# Do You Like Lady Gaga?



## Sillia Rosa (Apr 9, 2011)

I actually prayed TO her last night. So yea, big fan.
Also sometimes I play her music on these really high quality speakers and I close my eyes and pretend shes in the room with me.


----------



## Valdyr (May 25, 2010)

Yes, though I don't think I'm quite as big of a fan as the OP.

:wink:


----------



## Ormazd (Jan 26, 2010)

No. She exceptionally fake and uninteresting as a character, and her music is boring.


----------



## Snakecharmer (Oct 26, 2010)

She's a Madonna-wanna-be, IMO. Have you heard Madonna's song "Express Yourself"? Listen to it, and then "Born This Way". Ugh.


----------



## Magenta (Apr 5, 2011)

Perhaps you should check out Vigilant Citizen and stop worshipping false idols.


----------



## Sillia Rosa (Apr 9, 2011)

@*Ormazd
@* *Snakecharmer*

If there was a NOT Thank button I would press it! Hmmph!


----------



## Sillia Rosa (Apr 9, 2011)

Magenta said:


> Perhaps you should check out Vigilant Citizen and stop worshipping false idols.


She is no false idol. She loves me. Her life in an inspiration. Her music gives me joy and comfort. Most importantly, she exists. That's more than I can say about most gods.


----------



## etherealuntouaswithin (Dec 7, 2010)

*Sigh* A con artist.There is nothing substantial nor truly evolutionary or innovative being presented by way of her works.They are constructs that are developed with the intension of fooling and duping others..to subject the audience to a prism of nonsense and stupidity.She saturates and infects our culture with poison..contributes to it's steady decay..I do not like her.


----------



## Sillia Rosa (Apr 9, 2011)

etherealuntouaswithin said:


> *Sigh* A con artist.There is nothing substantial nor truly evolutionary or innovative being presented by way of her works.They are constructs that are developed with the intension of fooling and duping others..to subject the audience to a prism of nonsense and stupidity.She saturates and infects our culture with poison..contributes to it's steady decay..I do not like her.


I respectfully disagree.


----------



## Ormazd (Jan 26, 2010)

Magenta said:


> Perhaps you should check out Vigilant Citizen and stop worshipping false idols.

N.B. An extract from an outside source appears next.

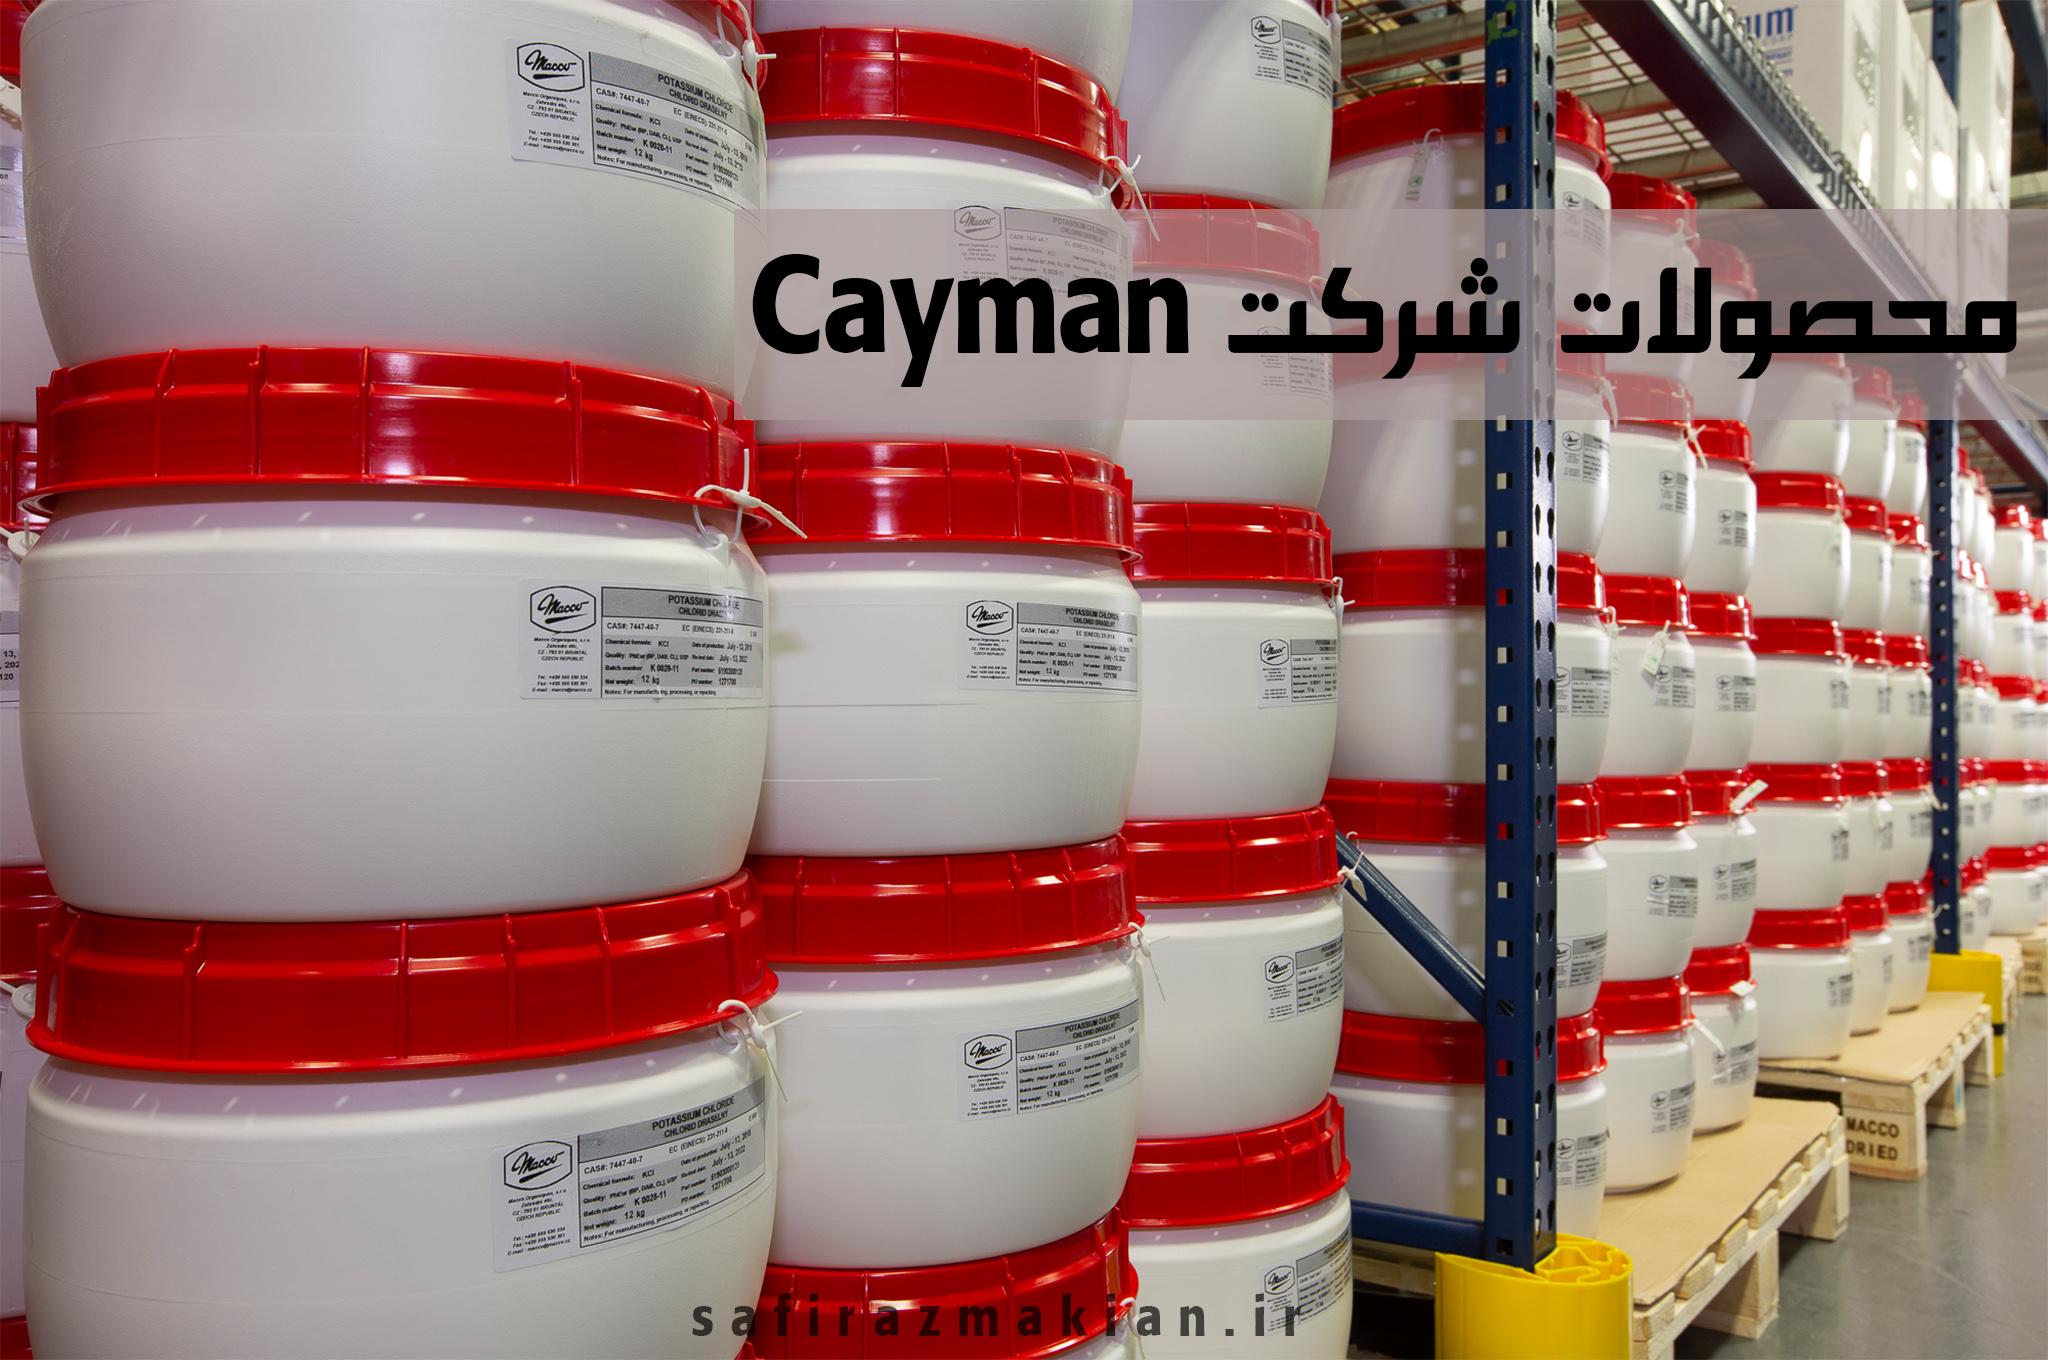 خرید محصولات cayman

Are implying some idols are better than others?




Sillia Rosa said:


> If there was a NOT Thank button I would press it! Hmmph!


That's not very nice, you asked for an opinion and we gave ours.


----------



## Sillia Rosa (Apr 9, 2011)

Ormazd said:


> Are implying some idols are better than others?
> 
> 
> 
> ...


Oh I suppose you're right. But it hurts when my Gaga is insulted. All she wants is to make people happy.


----------



## Snakecharmer (Oct 26, 2010)

etherealuntouaswithin said:


> *Sigh* A con artist.There is nothing substantial nor truly evolutionary or innovative being presented by way of her works.They are constructs that are developed with the intension of fooling and duping others..to subject the audience to a prism of nonsense and stupidity.She saturates and infects our culture with poison..contributes to it's steady decay..I do not like her.


Yes. I think she is laughing all the way to the bank.


----------



## Snakecharmer (Oct 26, 2010)

Sillia Rosa said:


> All she wants is to make people happy.


...or gain wealth and fame by stealing others' work.


----------



## Sillia Rosa (Apr 9, 2011)

Snakecharmer said:


> Yes. I think she is laughing all the way to the bank.


False. She's gone break several times b/c she puts all her money into her show.


----------



## blit (Dec 17, 2010)

Sillia Rosa said:


> False. She's gone *broke* several times b/c she puts all her money into her show.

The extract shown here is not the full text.